2. The Princess of Cleves, by Madame de Lafayette (1678)
This enigmatic novel, set in the court society of the Ancien Regime, is a warning against love. We follow a young woman from her entry into court - she has received a strict moral education from her mother and finds the gossipy and jealous court society difficult to fathom. At a very young age she is forced to accept a husband she doesn't love. Soon after that, she falls in love with another man, Nemours. When she confesses this to her husband, he dies of the shock. But although she is free now, she refuses to marry Nemours. Love, on both sides, has an obsessive quality, and this cannot be allowed by the princes as it will destroy them both. In the end she makes the controversial decision to reject both lover and society and enter a convent. The behavior of the princess is difficult to explain and has given rise to a long list of disagreements among readers. For example, is Madame de Cleves virtuous, frigid, or egotistical? Is her confession of love for another man to her husband an act of sincere courage, or a desire to wound? Is her husband an unfortunate innocent or a paranoid egoist? Is Nemours a devoted lover trying to win a coy mistress or a cynical playboy? Try to find out for yourself by reading this ambiguous novel.
[Translated by Robin Buss (Penguin Classics) and Terence Cave (Oxford's World Classics)]

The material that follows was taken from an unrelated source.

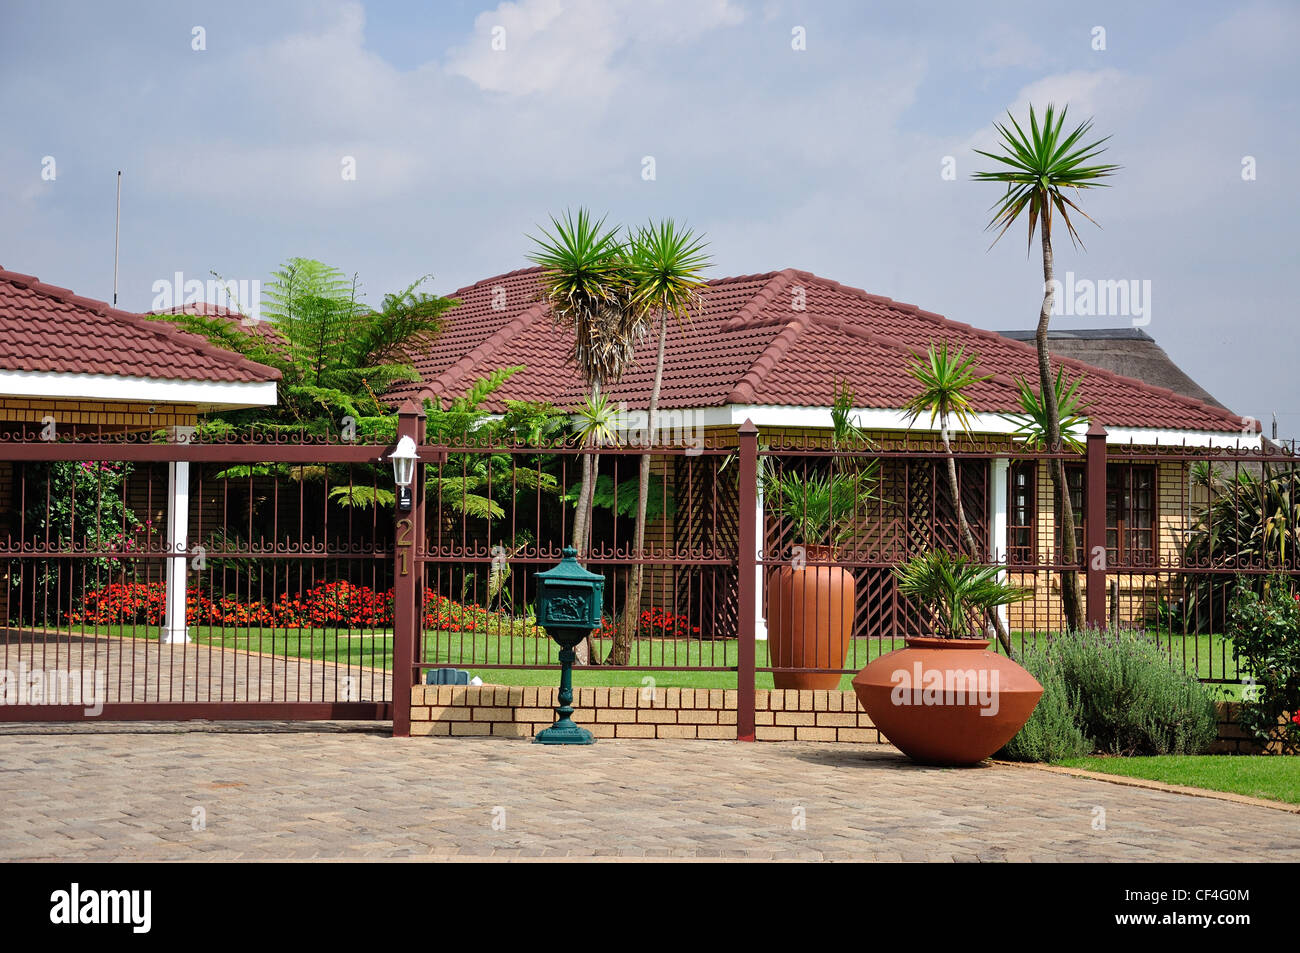 Maison typique avec barrière de sécurité, Nigel, la Province de Gauteng, Afrique du Sud Banque D'Images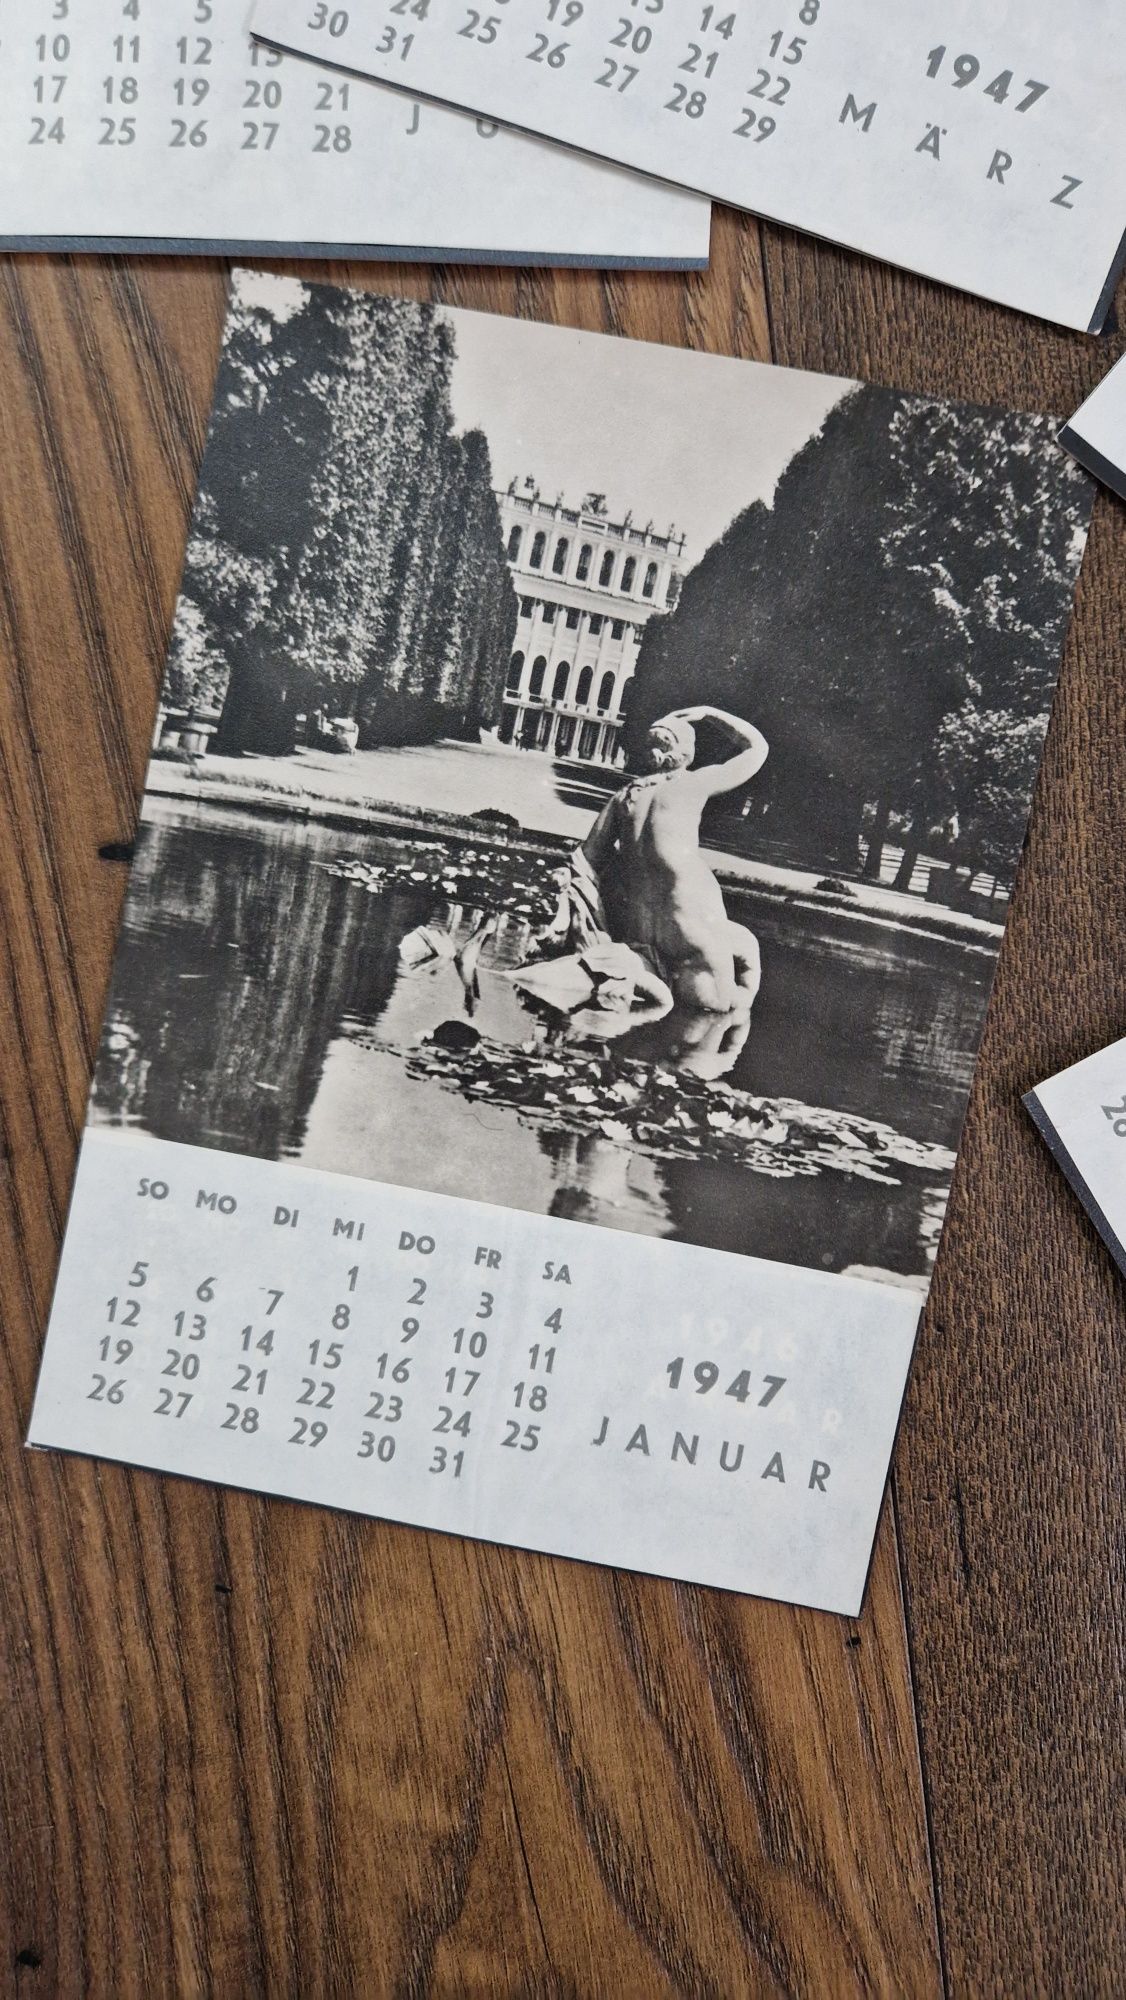 Kalendarz Austria 1947 zdjęcia

3. Manon Lescaut, by Abbé Prévost (1731)
Manon Lescaut is a tale of absolutely uncontrollable passion for a bewitchingly beautiful young woman who is 100% immoral. She is an empty-headed minx, who doesn’t love anyone and who will do anything to avoid poverty. When he is gripped by Manon's sensual charms, after spotting her as a voluptuous siren chained in a gang of female inmates, Des Grieux is only seventeen, a mere boy, Manon is even younger than that, but she has already had a good measure of sexual experience as we are told. Des Grieux is an aristocrat, but despite his breeding and good taste he is unable to resist his sexual passion. The love affair is an unmitigated disaster for the family of Des Grieux: he elopes with the girl, abandoning his family, his career and his principles. Manon develops into a demanding sybarite and liar, and pulls him down into a life of crime and deceit, even taking a rich older lover to pay the bills of the young couple. The events which follow lead eventually to imprisonment, murder, and the flight of the couple to the New World. Des Grieux’s passion for Manon never falters, as a fatal addiction, a sign of his nobility of character. Manon, from her side, can neither resist him nor return his love. She remains an elusive figure, addicted to pleasure, satisfied at her conquest of a man of rank, but just as easily leaving him again and again when circumstances make that necessary. The taut story is a prime example of fast moving narration, pulling the reader from calamity to escape to new calamity, and then on to the final tragedy. The novel ends with a melodramatic burial scene: Des Grieux breaks his sword and digs Manon's grave in the sand; he takes off his clothes to enshroud her body and then lies sprawling naked on the grave in abject torment.
[Translated by Leonard Tancock (Penguin Classics) and Angela Scholar (Oxford's World Classics)]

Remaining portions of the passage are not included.